Parlando del programma di Harris, sono punti di forza reali la decisione di introdurre un tetto ai prezzi e di battersi per il diritto all’aborto?
«Tenere fermi i prezzi è un’ovvietà. Chi direbbe: voglio aumentare i prezzi? Invece, la questione dell’aborto è molto divisiva. Trump ha indicato che siano i vari Stati a decidere. C’è una scelta più democratica di questa? Le camere dei singoli Stati sono state elette dal popolo. È questo il senso anche della sentenza della Corte suprema del giugno del 2022 che confermò l’indicazione di Trump».
Che nella Corte suprema aveva nominato giudici conservatori.
«Durante la sua presidenza, il democratico Frank Delano Roosevelt ne nominò ben nove».
L’idea di detassare le pensioni di Trump è praticabile?
«Ci sono idee che hanno valenza elettorale e idee di efficacia governativa. Un grande politico sa gestire al meglio questa differenza, ma qui, in entrambi gli schieramenti non vedo grandi politici. La detassazione delle pensioni è un’ottima idea che gli economisti ritengono impraticabile. Se qualcuno trova una previsione degli economisti che si avvera me la segnali. Perciò, quando li sento dire che un’idea è impraticabile, per me diventa auspicabile».

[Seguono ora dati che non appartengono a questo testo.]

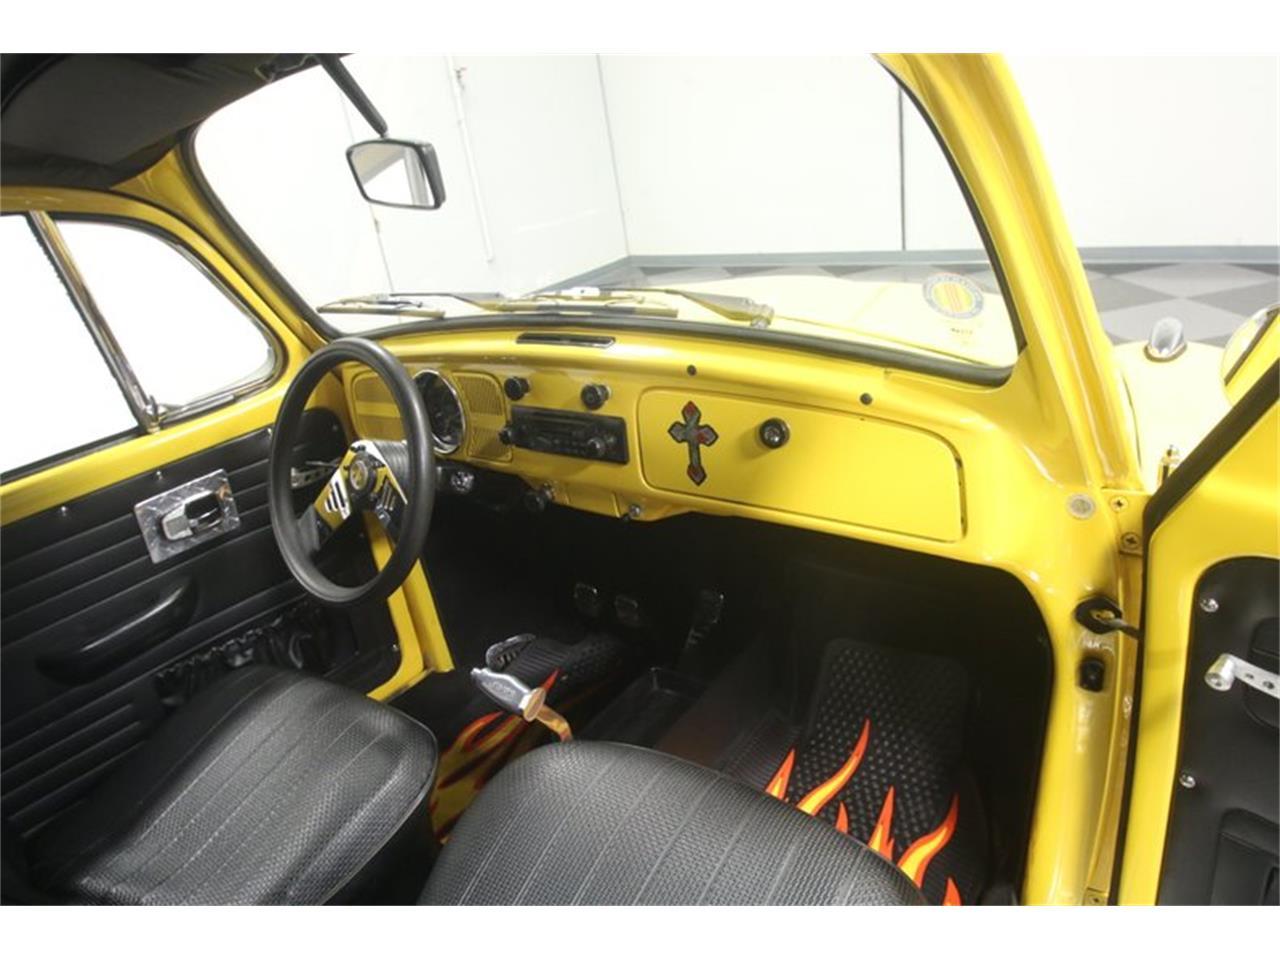 Large Picture of 1969 Volkswagen Baja Bug - $14,995.00 - N8PC

Come può influire nel voto la questione dell’immigrazione alla luce dell’amministrazione Biden?
«Una dimostrazione della cattiveria di Biden è proprio la delega del dossier immigrazione a Kamala Harris. Il problema dell’immigrazione dal Messico esiste dagli anni Cinquanta, ai tempi di Eisenhower e in 70 anni non si è cavato un ragno dal buco. Ricordiamoci che l’America è nata dall’immigrazione. I repubblicani sono più severi riguardo all’immigrazione clandestina, direi giustamente. I democratici più liberali. Come influiranno questi orientamenti lo scopriremo il 5 novembre».
Altra variabile: lo schieramento sulle guerre in Ucraina e in Israele.
«Trump può dire che con lui alla Casa Bianca non c’è mai stata una guerra senza temere smentite. Ha cercato di dialogare persino con il bravo ragazzo che governa la Corea del Nord. I presidenti democratici non possono dire altrettanto, basta guardare la storia del Novecento e oltre. Eppure vengono presentati come pacifisti. Credo che questo argomento peserà perché molti elettori vedono che ingenti fondi sono impegnati su queste due guerre proprio mentre situazioni interne drammatiche non vengono affrontate per carenza di denaro».
Quanto potrebbe favorire Trump il ritiro di Robert Kennedy jr.?
«Robert Kennedy jr. si ritira ora che ha esaurito le scorte di denaro e il suo consenso è sceso ai minimi. Credo possa incidere pochissimo, quasi niente».
Quanto possono influire Taylor Swift ed Elon Musk?
«Anche loro molto poco. Nel 1964, John Wayne era all’apice del successo e si schierò apertamente con Barry Goldwater, il candidato repubblicano che sfidava Lindon Johnson. John Wayne era il re di Hollywood, ma Goldwater subì una delle sconfitte più sonore della storia delle presidenziali americane».